[Opening THE DATA section]
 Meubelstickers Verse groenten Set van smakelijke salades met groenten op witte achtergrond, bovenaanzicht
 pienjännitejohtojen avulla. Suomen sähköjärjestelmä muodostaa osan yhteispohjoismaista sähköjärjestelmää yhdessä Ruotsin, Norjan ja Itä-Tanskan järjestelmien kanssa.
[Closing THE DATA section]
[Opening THE DATA section]
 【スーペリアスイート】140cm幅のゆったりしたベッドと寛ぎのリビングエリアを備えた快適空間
[Closing THE DATA section]
Repeat, word for word, the lines above between the line holding "Meubelstickers Verse groenten" and the line holding "pienjännitejohtojen avulla. Suomen", inclusive; omit everything else.

> TASK SOLUTION:
 Meubelstickers Verse groenten Set van smakelijke salades met groenten op witte achtergrond, bovenaanzicht
 pienjännitejohtojen avulla. Suomen sähköjärjestelmä muodostaa osan yhteispohjoismaista sähköjärjestelmää yhdessä Ruotsin, Norjan ja Itä-Tanskan järjestelmien kanssa.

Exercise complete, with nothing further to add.